Both optimizers update an incremental per-step buffer derived from grad-tracked positions/forces:

  • L-BFGS state.s_history = torch.cat([state.s_history, s_new.unsqueeze(1)], dim=1)s_new has grad_fn from positions, so the cat result has a grad_fn whose saved tensors include the previous state.s_history. Iterated → one link per step → every past history tensor plus its saved-for-backward intermediates stay alive.
  • BFGS state.hessian[idx] = H - term1 - term2 — same pattern via dp/df.

Neither buffer is ever differentiated through.

FIRE is unaffected (overwrites state each step, no incremental buffer).

Evidence

Reproducer: InFlightAutoBatcher + ORB-v3 conservative + L-BFGS on 1614 molecular structures (28–185 atoms), padding=0.95, steps_between_swaps=1, 24 GB GPU.
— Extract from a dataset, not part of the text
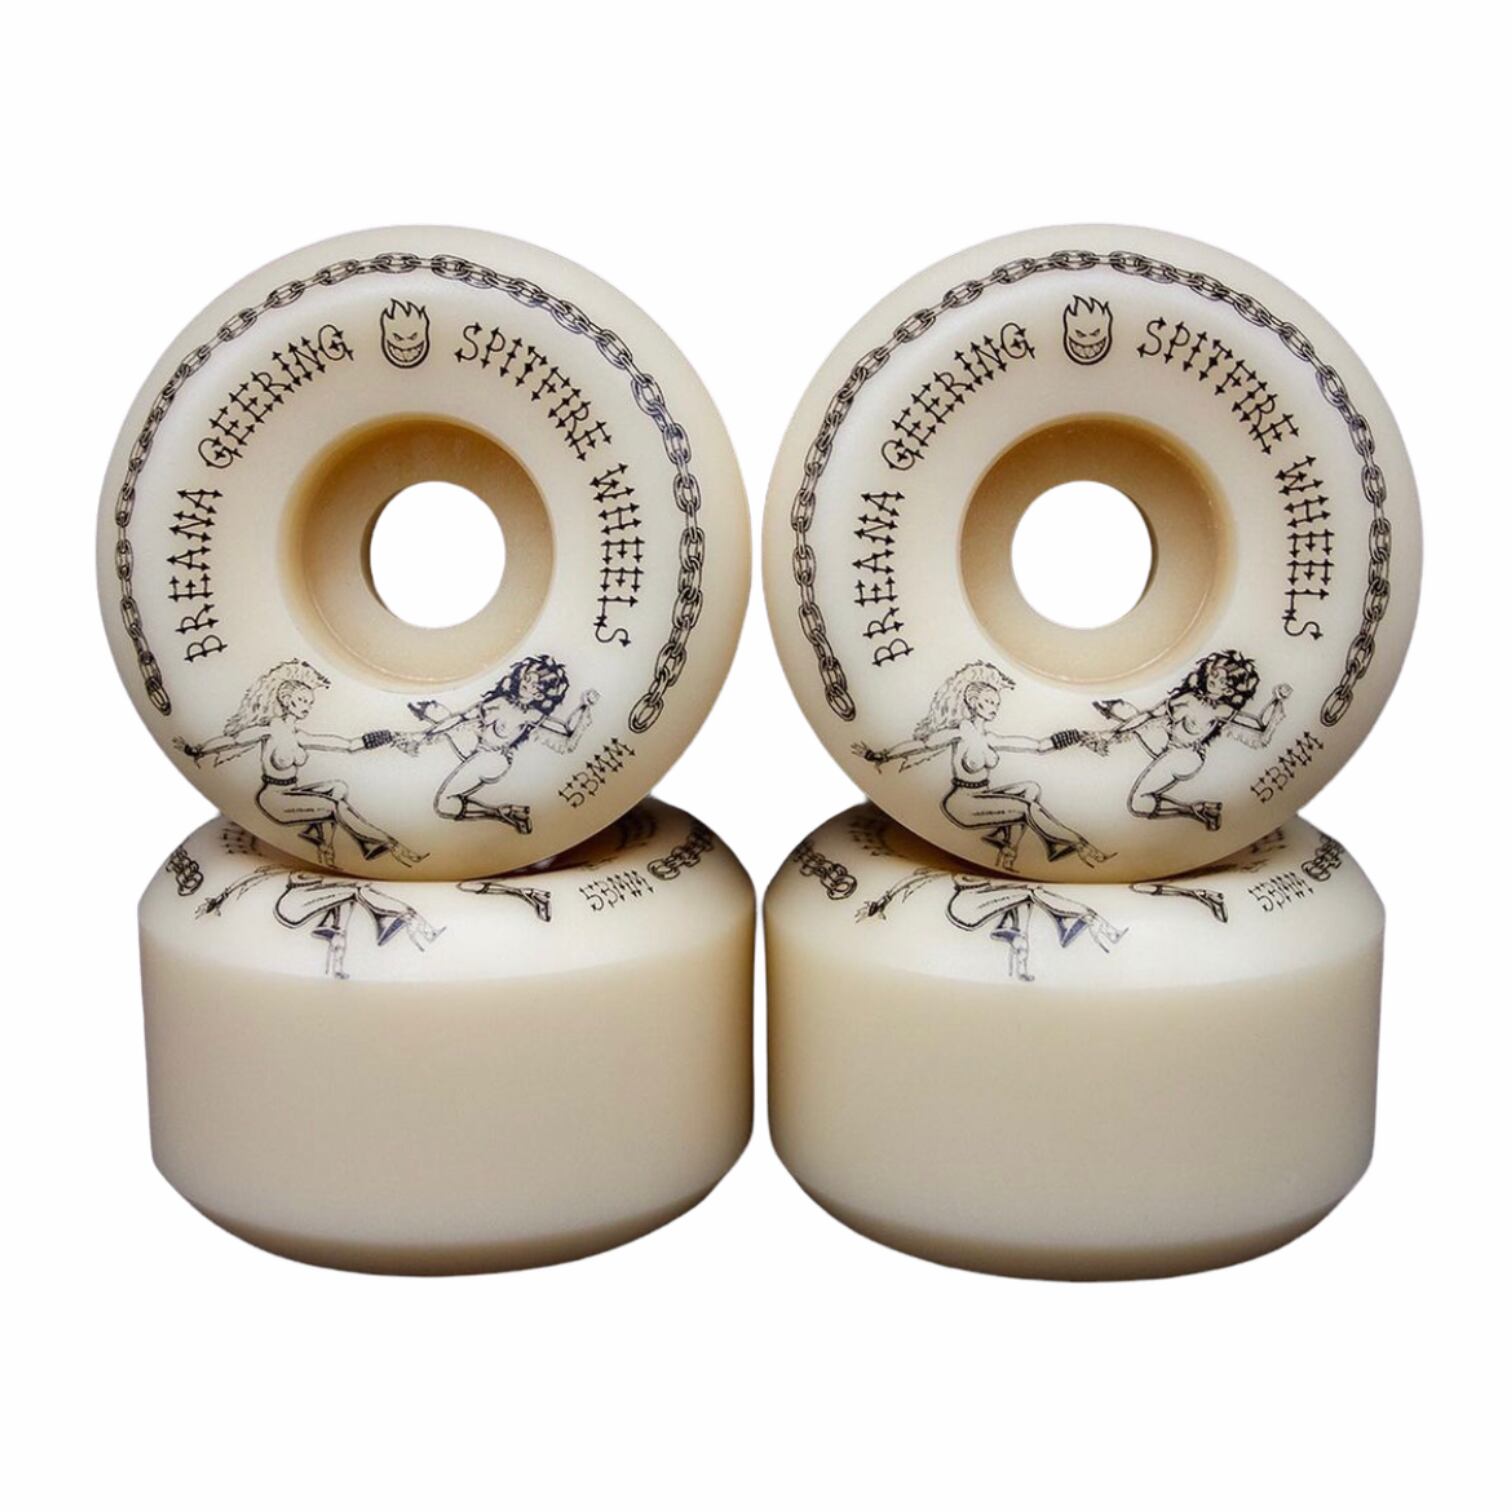 SPITFIRE WHEELS 【F4 CONICAL FULL - BREANA GEERING】

Without fix: batch composition stable (n_atoms ~6000, n_edges at cap), yet memory_allocated grows linearly +22.6 MB/swap → OOM at ~10 min. torch.cuda.memory._snapshot at swap=150 shows 124 unfreed concatenate_states blocks (~5 MB each — one per past step) plus thousands of _per_system_vdot / lbfgs_step intermediates pinned by the chain.

With fix, same config:

Optimizer Before After
L-BFGS OOM ~10 min completes in 797 s, alloc flat ≈ 340 MB
BFGS OOM ~10 min completes in 625 s
FIRE works unchanged (581 s, no regression)

Final energies match within numerical noise (< 0.04 eV mean).

Tests

tests/test_optimizers.py (65/65), tests/test_optimizer_states.py, tests/test_runners.py (35/35) all pass. tests/test_optimizers_vs_ase.py skips (requires mace, unrelated). Ruff check + format clean.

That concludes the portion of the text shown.